Implicit Differentiation

The technique of implicit differentiation allows you to find slopes of relations given by equations that are not written as functions or may even be impossible to write as functions.

Example 1: A good way to start investigating this idea is to give your class the equation of a circle, say {{x}^{2}}+{{y}^{2}}=25 and ask them to find the slope of the tangent line (the derivative) where x = 3. No hints, just let them try.

Most students will hit upon solving for y and then differentiating:

y=\pm \sqrt{{25-{{x}^{2}}}}

\displaystyle \frac{{dy}}{{dx}}=\frac{{-2x}}{{\pm 2\sqrt{{25-{{x}^{2}}}}}}=\frac{{-x}}{{\pm \sqrt{{25-{{x}^{2}}}}}}

There are two points where x = 3: (3, 4) and (3, –4) at the first point the slope is – ¾ and at the second ¾.

Then show them another way – implicit differentiation.

To use this technique, assume that y is a function of x, but do not bother to find that function. Then using the chain rule on any terms containing a y. For{{x}^{2}}+{{y}^{2}}=25 , we have

\displaystyle 2x+2y\frac{{dy}}{{dx}}=0

Then solve for the derivative

\displaystyle \frac{{dy}}{{dx}}=-\frac{x}{y}

We see that this is the same as we found the first time, since y=\pm \sqrt{{25-{{x}^{2}}}}! There is a slight advantage here: we can now find the slopes from the coordinates without solving or dealing with the plus/minus sign. *

Example 2: Now let’s consider a more difficult example. Find the derivative of {{x}^{2}}+4{{y}^{2}}=7+3xy.
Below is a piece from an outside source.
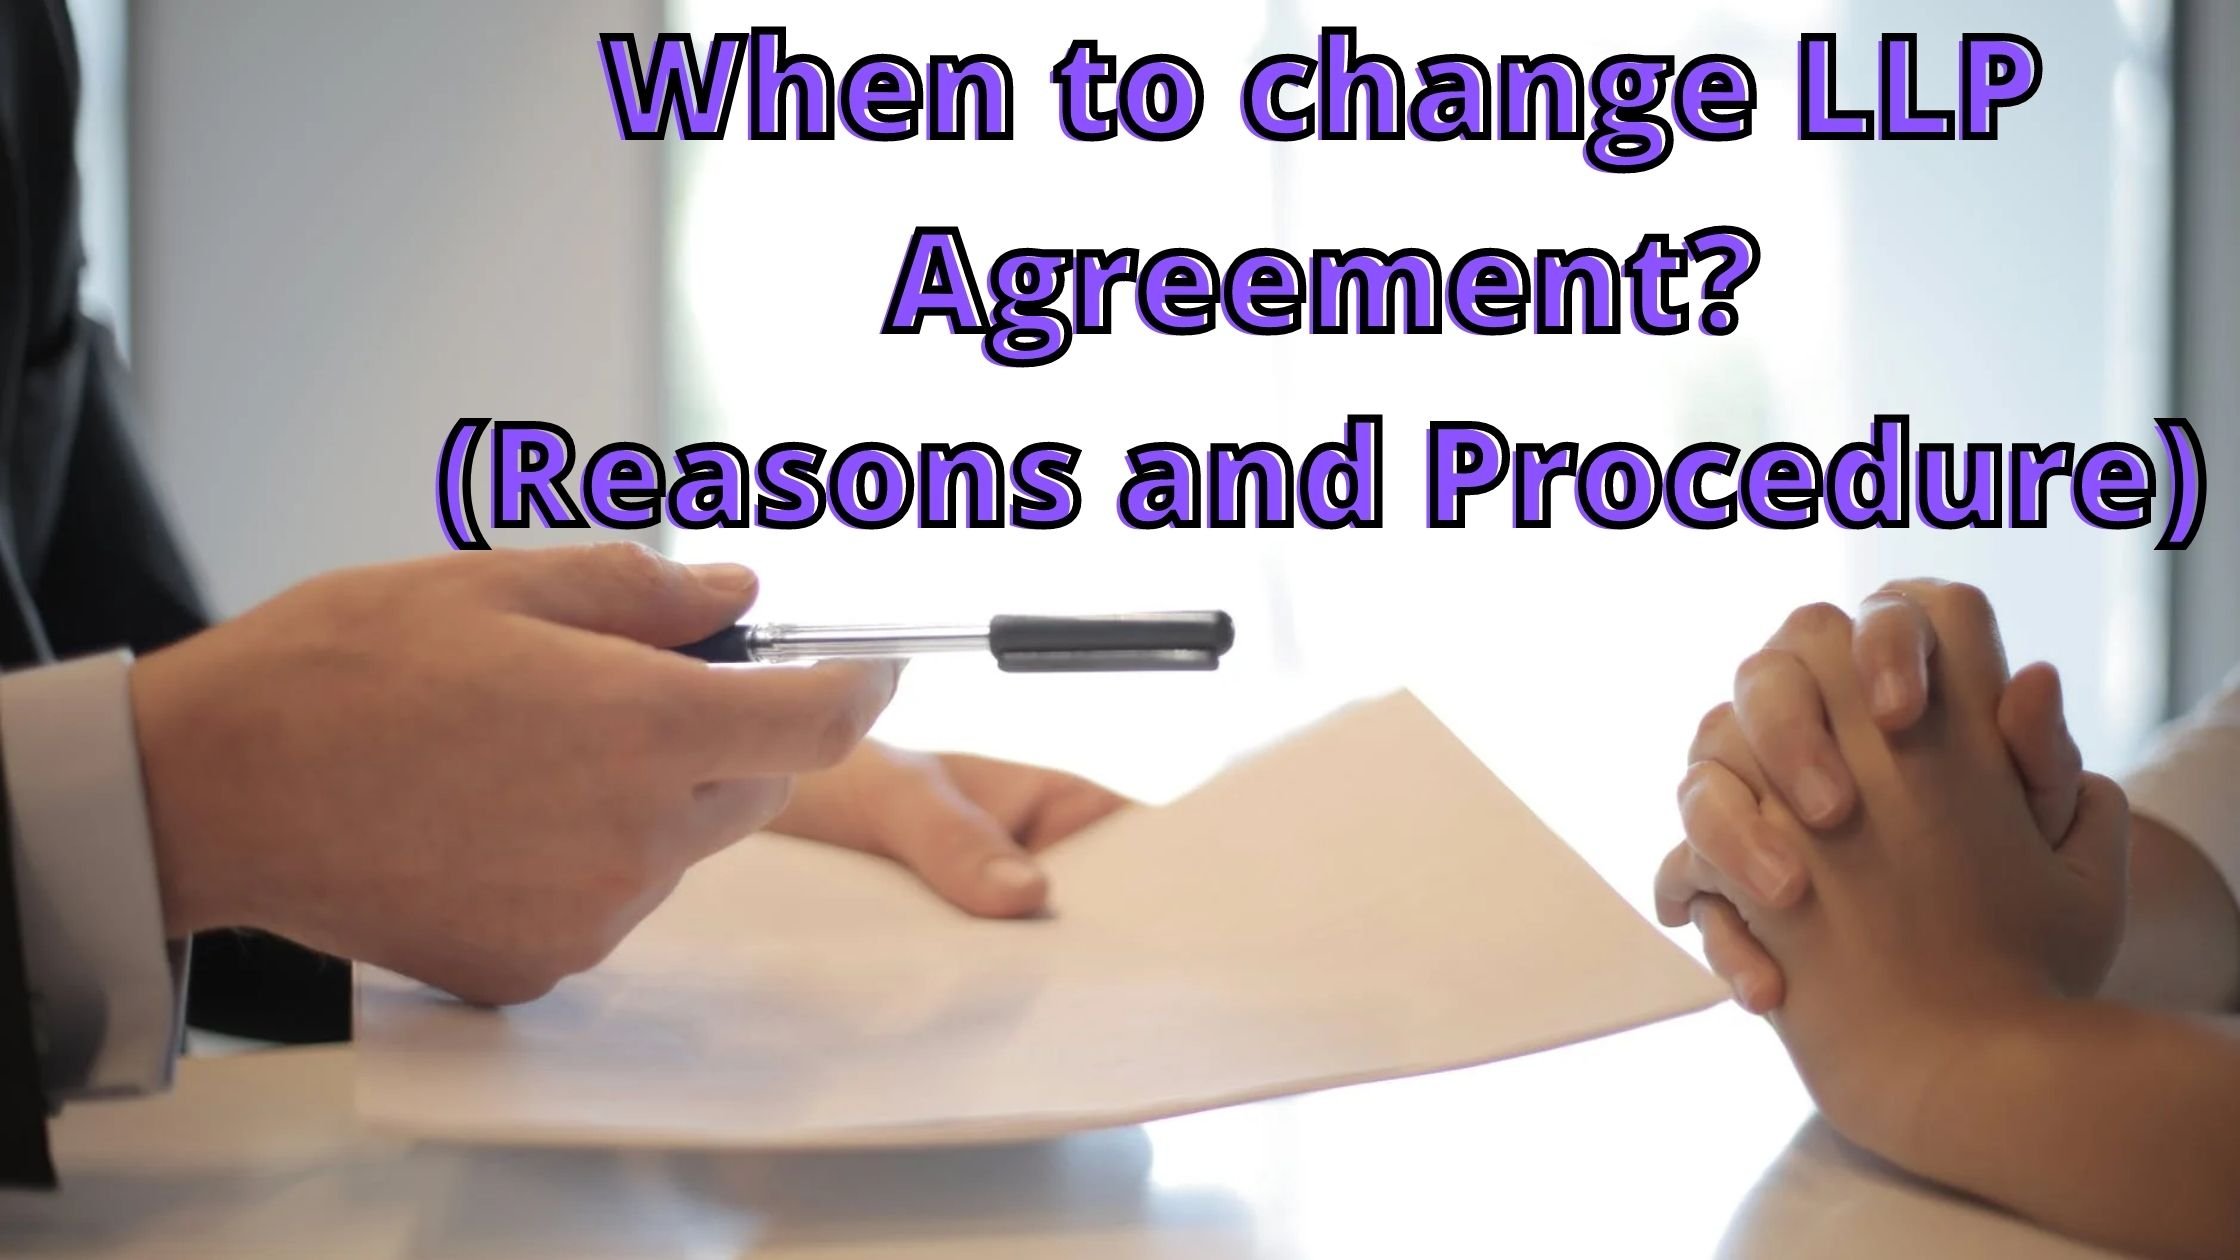 Change LLP Agreement

To solve for y here is possible but somewhat difficult (Hint: use the quadratic formula). We can continue writing {y}' for dy/dx.

2x+8y{y}'=0+3x{y}'+3y

Note that the last term on the right is differentiated using the product rule.  Since this happens fairly often, students need to be reminded of it.

Now solving for {y}'gives

\displaystyle {y}'=\frac{{3y-2x}}{{8y-3x}}

Then we can find the derivatives at specific points by substituting the coordinates of the point. At the point (3,2) on the curve, the slope is \displaystyle {y}'=\frac{{3\left( 2 \right)-2\left( 3 \right)}}{{8\left( 2 \right)-3\left( 3 \right)}}=\frac{0}{7}=0

Note: the derivative of an implicit relation usually involves both the x and y coordinates.

Second Derivatives

This idea can be repeated to find second and higher derivatives.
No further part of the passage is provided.